As someone who hates worrying about the hardware, I really appreciate this. In the overwhelming majority of use cases, the programmer should not need to waste their time obsessing over minuscule little 64 kilobyte chunks of memory like it’s 1988. Computers have tons of power these days and programmer hours are not cheap. Hiding the cache behind layers of abstraction makes economic sense.
It’s great to be shielded from all of that terrifying complexity, unless it happens to be your job to worry about hardware. Most areas of the code don’t need to think about optimizing the levels of cache usage, but if you do need to worry about it, then you really, really need to worry about it. If I’ve got 5 space marine objects and 6 space bugs in the scene and those are the only active objects in the game, then I do things the easy way. But if I’ve got ten thousand particles, two hundred bullets, 2,048 map zones, five hundred physics objects, and a hundred enemies in the scene at the same time, then I really need to think about how the data is being processed. If I’ve got enormous objects in memory – like texture maps or large collections of polygons – then I need to think about how often that data is being manipulated, copied, changed, and compared. If I’ve got 10,000 particles flying around the scene or I’m doing physics collisions between a lot of different objects, then doing things the Right Way™ in memory can make the difference between running the game gracefully and completely tanking the framerate.
I think this is why a lot of the newer languages haven’t gained much traction in the deep end of AAA gamedev. They make life easier for the 90% of the job where you’re doing straightforward things that aren’t serious performance concerns, but they leave you helpless when you come up against that last 10% of the job where you need direct control over where and how things are placed in memory.
A few of the upstart languages do have these features. In particular, D and Rust both seem to have a lot of supporters who claim the languages are just fine for high-end gamedev. Other people claim they don’t offer enough, or in the right way. I’m not nearly qualified to weigh in on that argument. I’ve read about both languages, but trying to learn a language by reading about it is like learning to drive by watching Top Gear.
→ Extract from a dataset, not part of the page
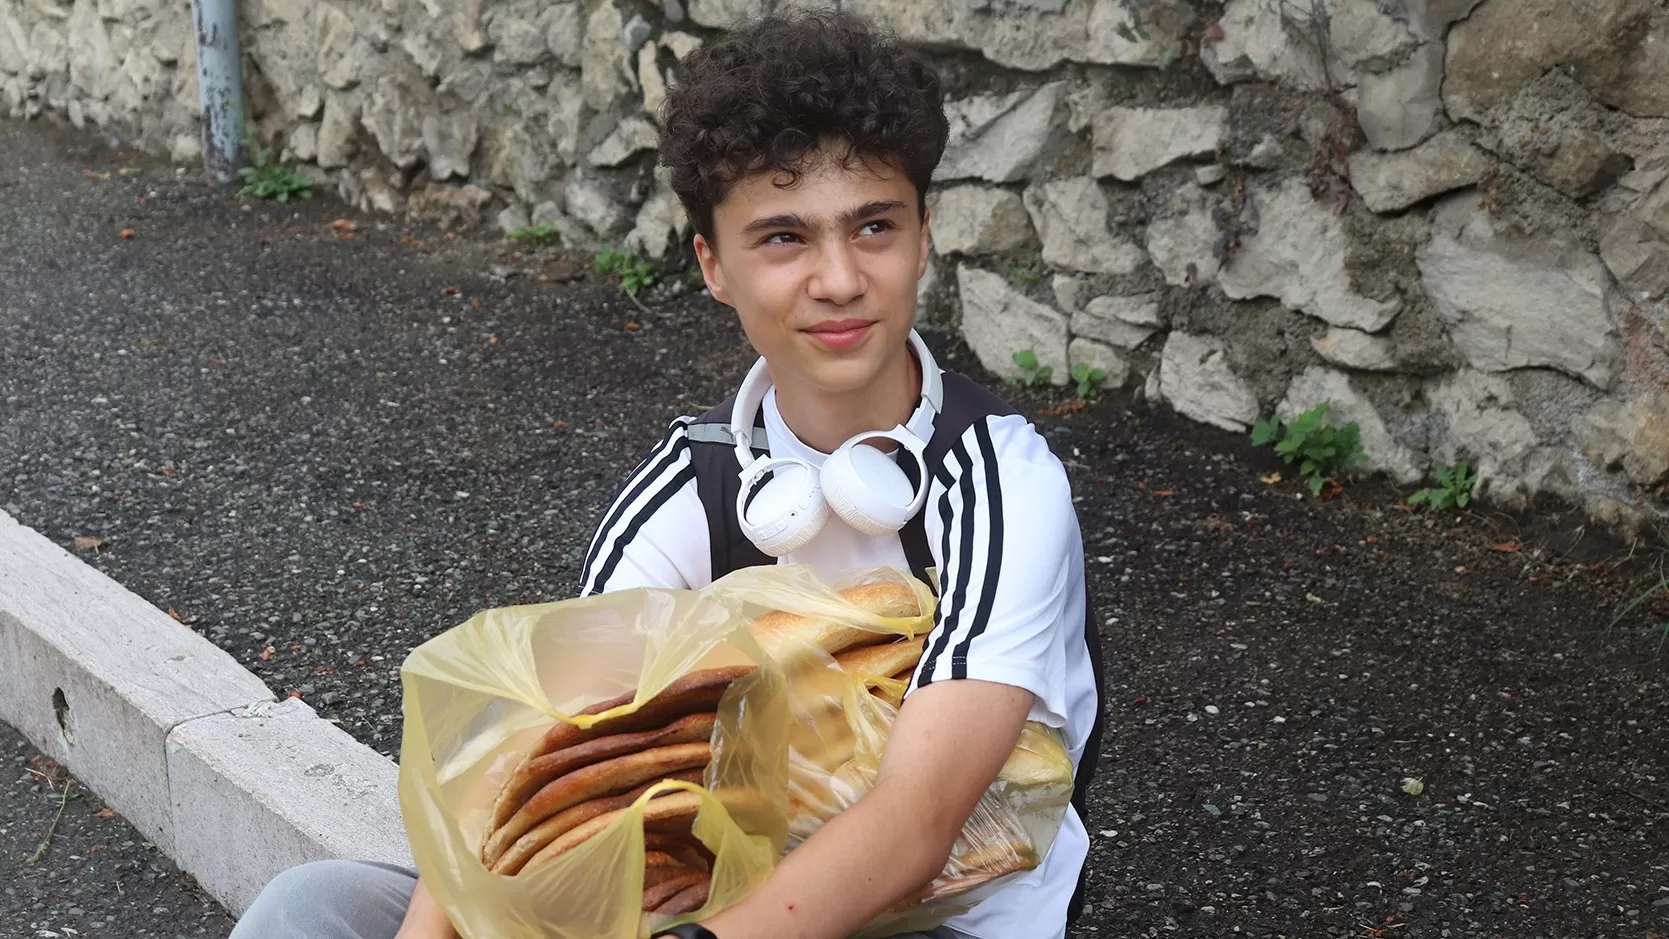 Ստեփանակերտցի 14-ամյա Դավիթն է․ որպես կամավոր ընկերների հետ ոտքով հաց է հասցնում խանութների
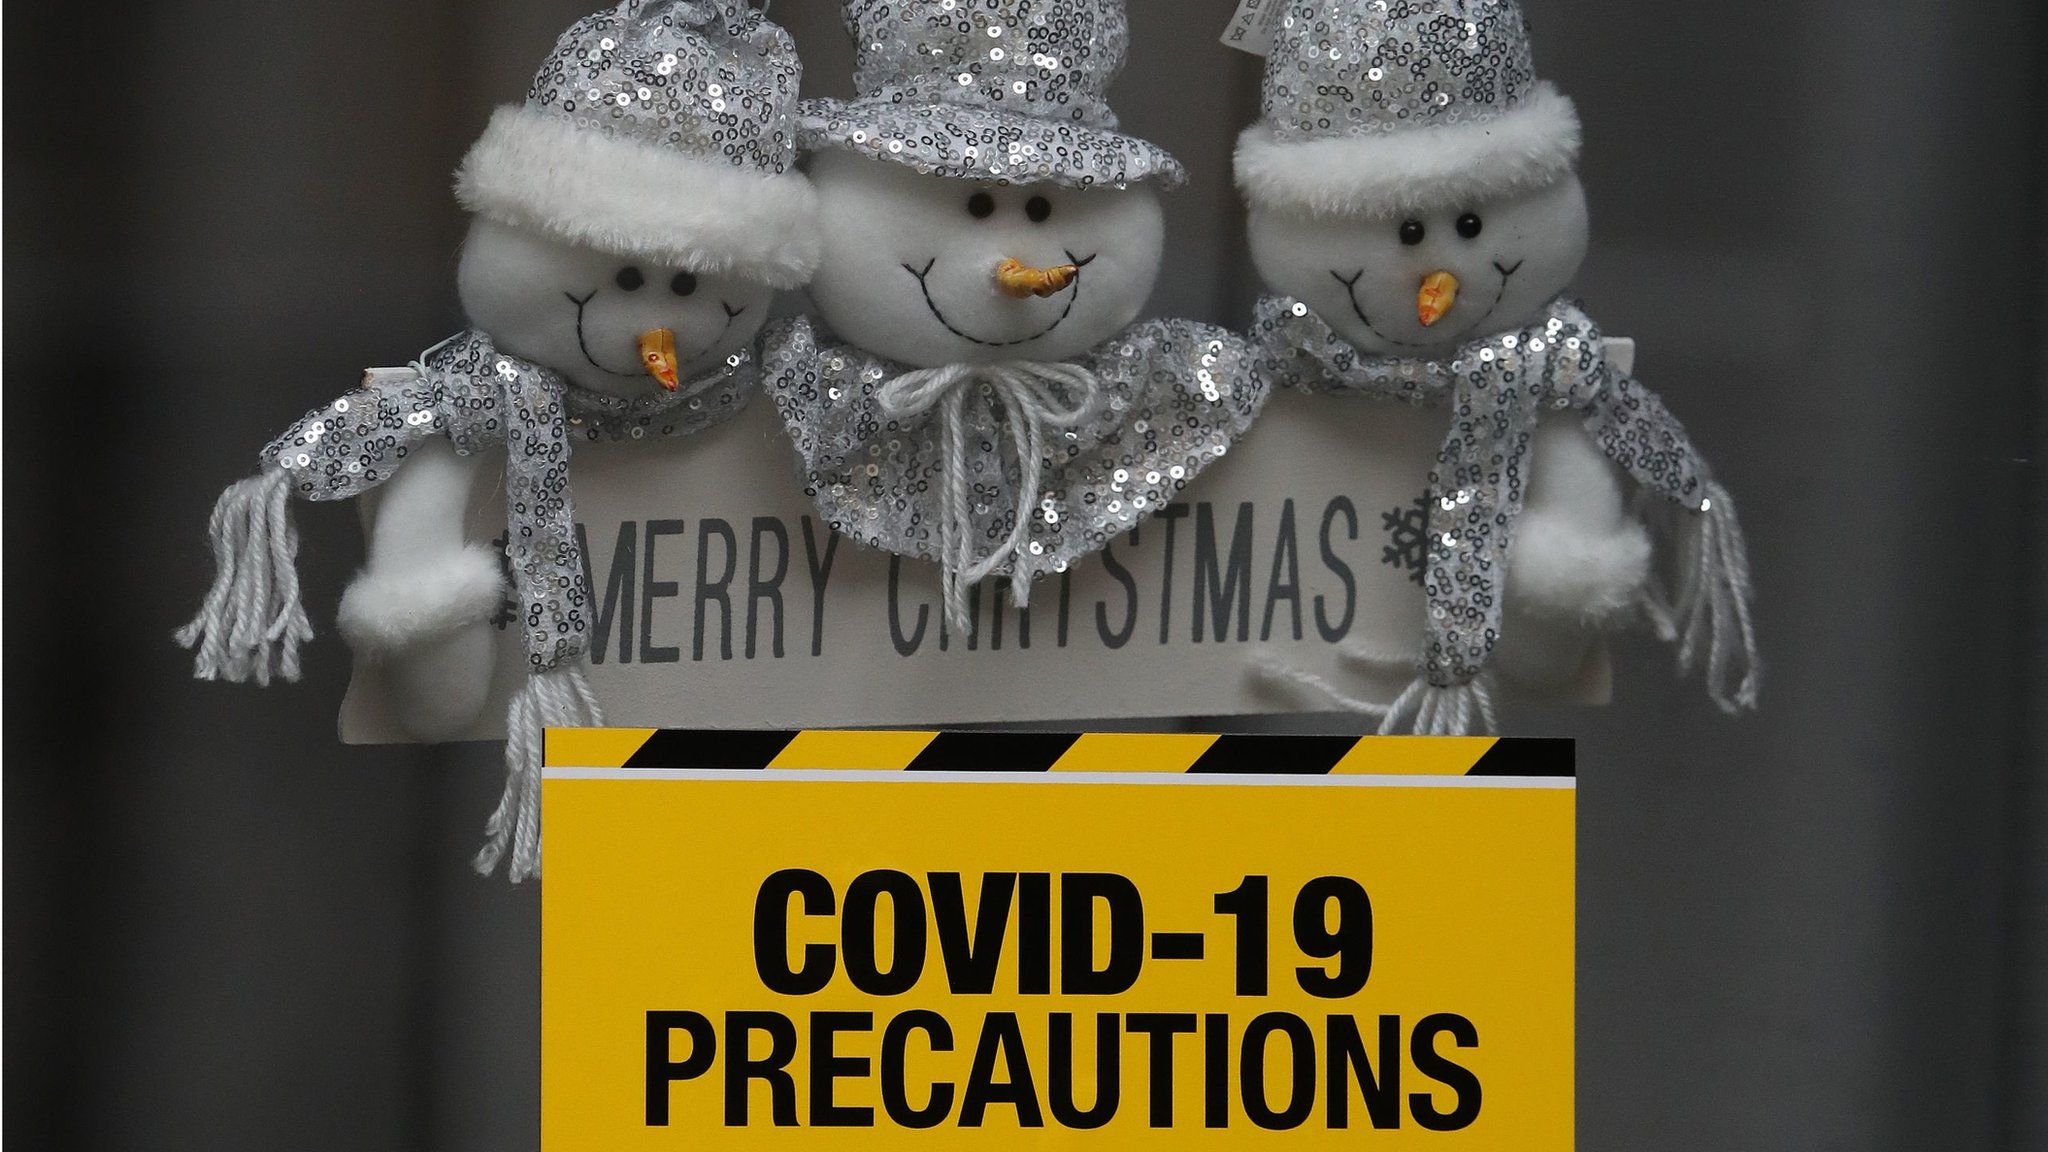 Covid-19 precautions

The learning is in the doing, and I haven’t done enough with these languages to offer any meaningful analysis.
Also, Rust has been “nearly ready” for game development for years now. I don’t know what the holdup is, but I suspect the problem isn’t that Rust is just too suitable for gamedev.
Still, the point remains that any language intended to surpass C++ in the realm of games is going to need to match or exceed C++ in its ability to optimize very small but important things.
 On the PC side, this boils down to DirectX vs. OpenGL, with third-party candidate Vulkan landing a few recent wins.
 You’ll still get mocked, though. Mostly by jackasses asking, “Why didn’t you use C?”
 Formerly of Insomniac games. Currently working at Unity.
 To be fair, I was currently being distracted by something even slower.
 Unless it was Bethesda Softworks, where they’d probably put me in charge of engine optimization for Gamebryo.